Problems identified with 127-bit prefix lengths in the past
5.
Reasons for using longer prefixes
5.1.
Ping-pong issue
5.2.
Neighbor Cache Exhaustion issue
5.3.
Other reasons
6.
Recommendations
7.
Security Considerations
8.
IANA Considerations
9.
Contributors
10.
Acknowledgments
11.
References
11.1.
Normative References
11.2.
Informative References
§
Authors' Addresses
TOC |
The key words "MUST", "MUST NOT", "REQUIRED", "SHALL", "SHALL NOT", "SHOULD", "SHOULD NOT", "RECOMMENDED", "MAY", and "OPTIONAL" in this document are to be interpreted as described in RFC 2119 (Bradner, S., “Key words for use in RFCs to Indicate Requirement Levels,” March 1997.) [RFC2119].
TOC |
RFC 4291 (Hinden, R. and S. Deering, “IP Version 6 Addressing Architecture,” February 2006.) [RFC4291] specifies that interface IDs for all unicast address, except those that start with the binary value 000, are required to be 64 bits long and to be constructed in Modified EUI-64 format. In addition, it defines the Subnet-Router anycast address, which is intended to be used for applications where a node needs to communicate with any one of the set of routers on a link.
Some operators have been using 127-bit prefixes, but this has been discouraged due to conflicts with Subnet-Router anycast [RFC3627] (Savola, P., “Use of /127 Prefix Length Between Routers Considered Harmful,” September 2003.). However, using 64-bit prefixes creates security issues which are particularly problematic on inter-router links, and there are other valid reasons to use prefixes longer than 64 bits, in particular /127 (see Section 5 (Reasons for using longer prefixes)).
This document provides rationale for using 127-bit prefix lengths, reevaluates the reasons why doing so was considered harmful, and proposes that /127 prefixes may be used on inter-router links if certain conditions are met.
TOC |
This document is applicable to cases where operators assign specific addresses on inter-router links and do not rely on link-local addresses. Many operators assign specific addresses for purposes of network monitoring, reverse DNS resolution for traceroute and other management tools, EBGP peering sessions, and so on.

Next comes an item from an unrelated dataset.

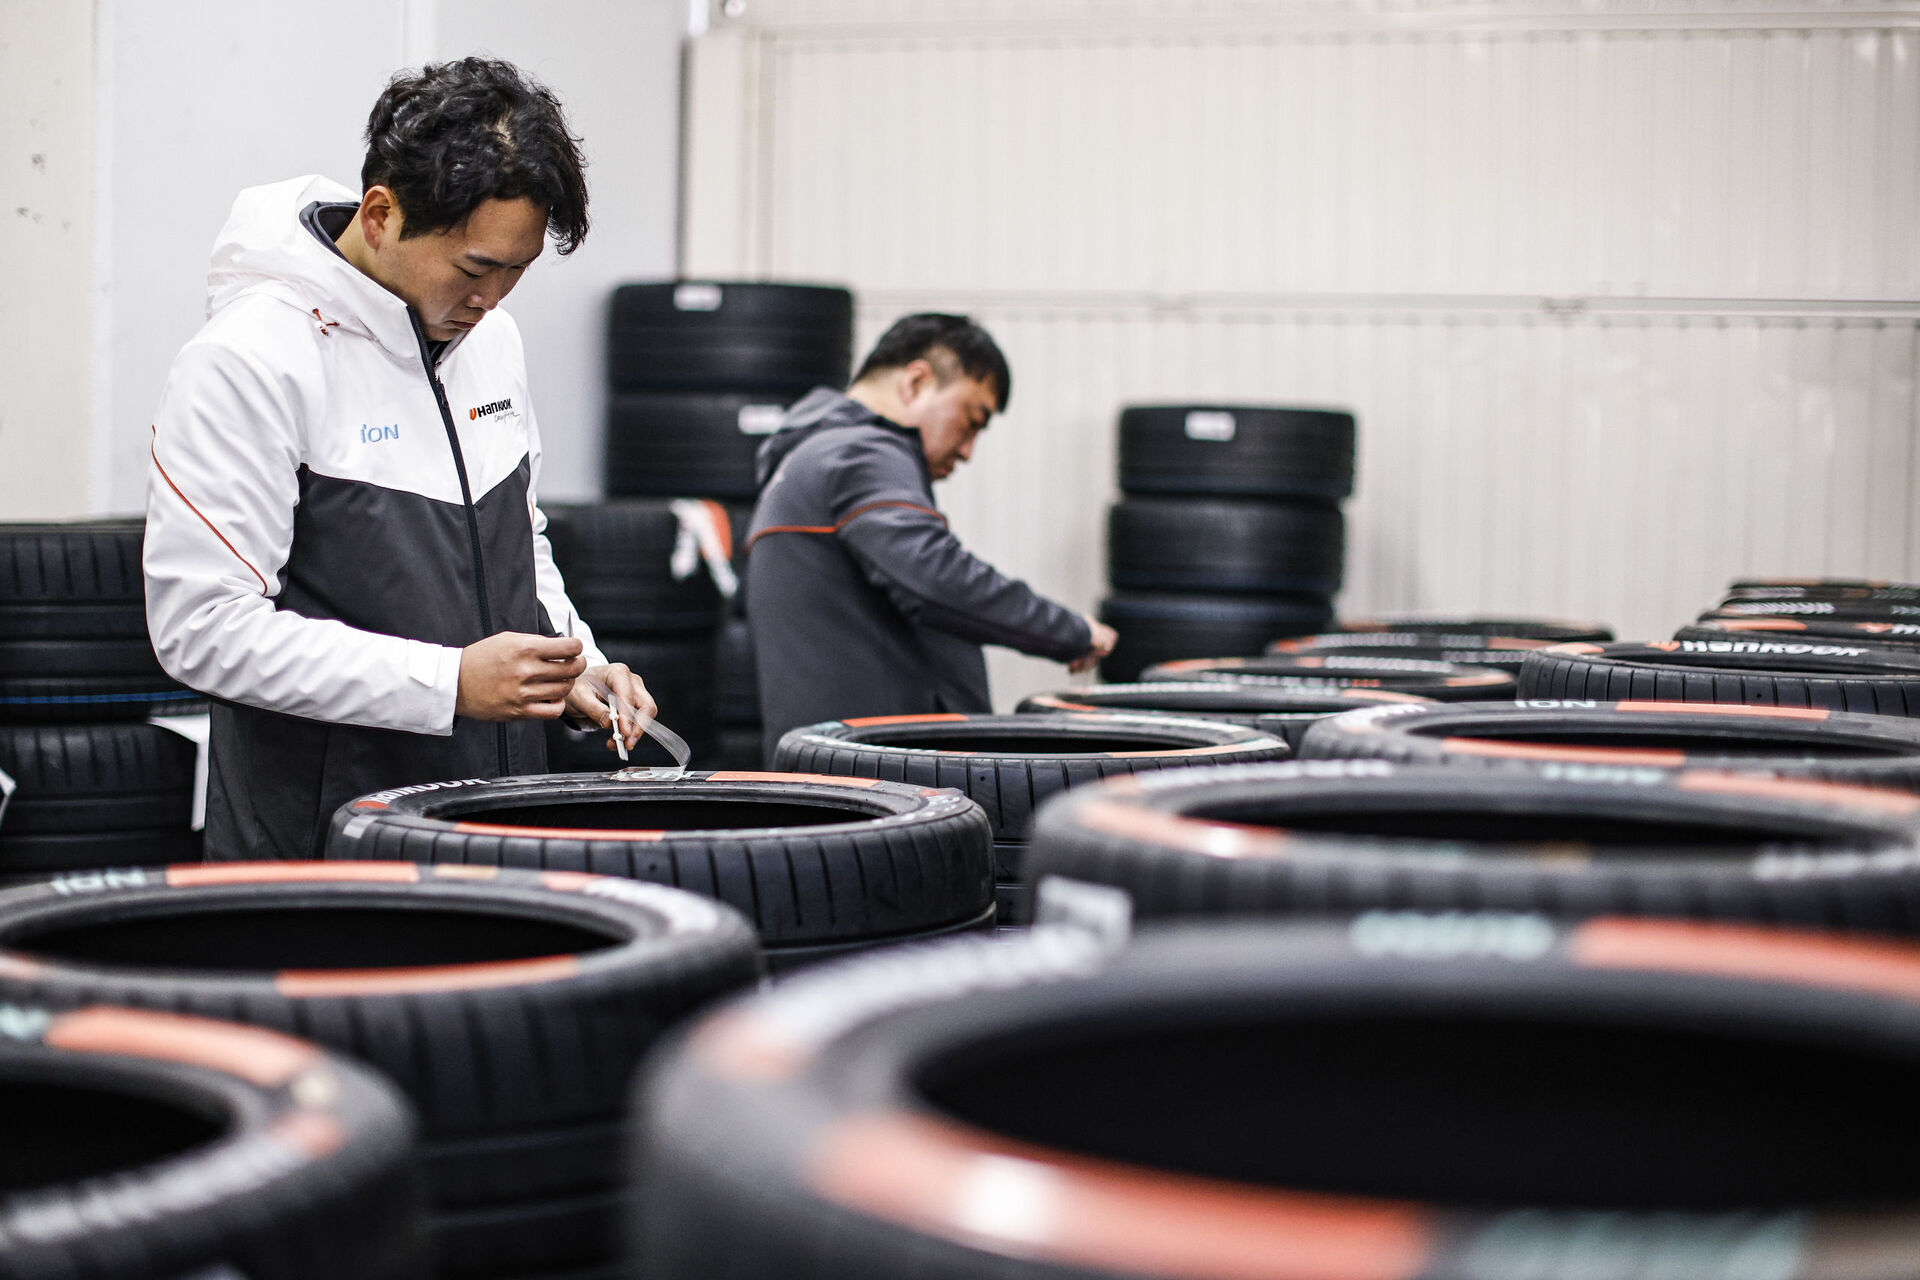 Hankook - vývoj pneumatik pro Formuli E

For the purposes of this document, an inter-router link is a link to which only routers and no hosts are attached. Thus, links between a router and a host, or links to which both routers and hosts are attached, are out of scope of this document.
TOC |
[RFC3627] (Savola, P., “Use of /127 Prefix Length Between Routers Considered Harmful,” September 2003.) discourages the use of 127-bit prefix lengths due to conflicts with the Subnet-Router anycast addresses. However, the RFC also states that the utility of Subnet-Router Anycast for point-to-point links is questionable.

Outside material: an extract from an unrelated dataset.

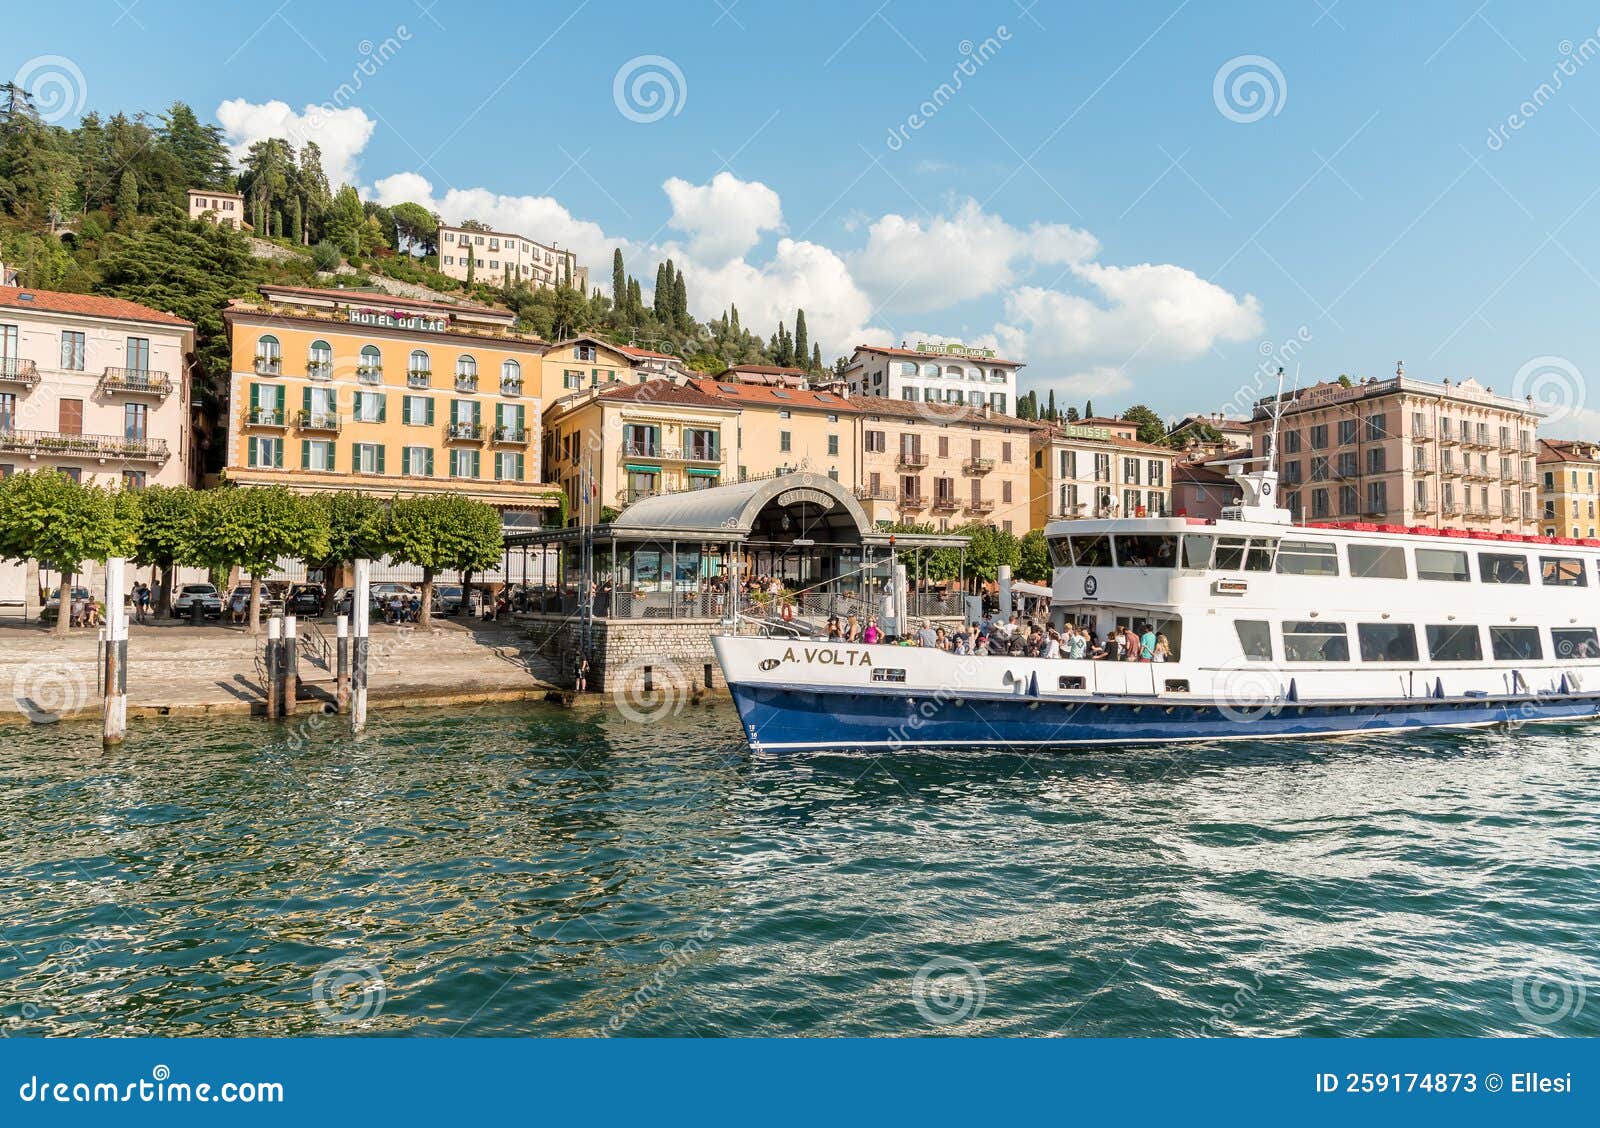 boat tour bellagio italy

[RFC5375] (Van de Velde, G., Popoviciu, C., Chown, T., Bonness, O., and C. Hahn, “IPv6 Unicast Address Assignment Considerations,” December 2008.) also says the usage of 127-bit prefix lengths is not valid and should be strongly discouraged, but the stated reason for doing this is to be in compliance with [RFC3627] (Savola, P., “Use of /127 Prefix Length Between Routers Considered Harmful,” September 2003.).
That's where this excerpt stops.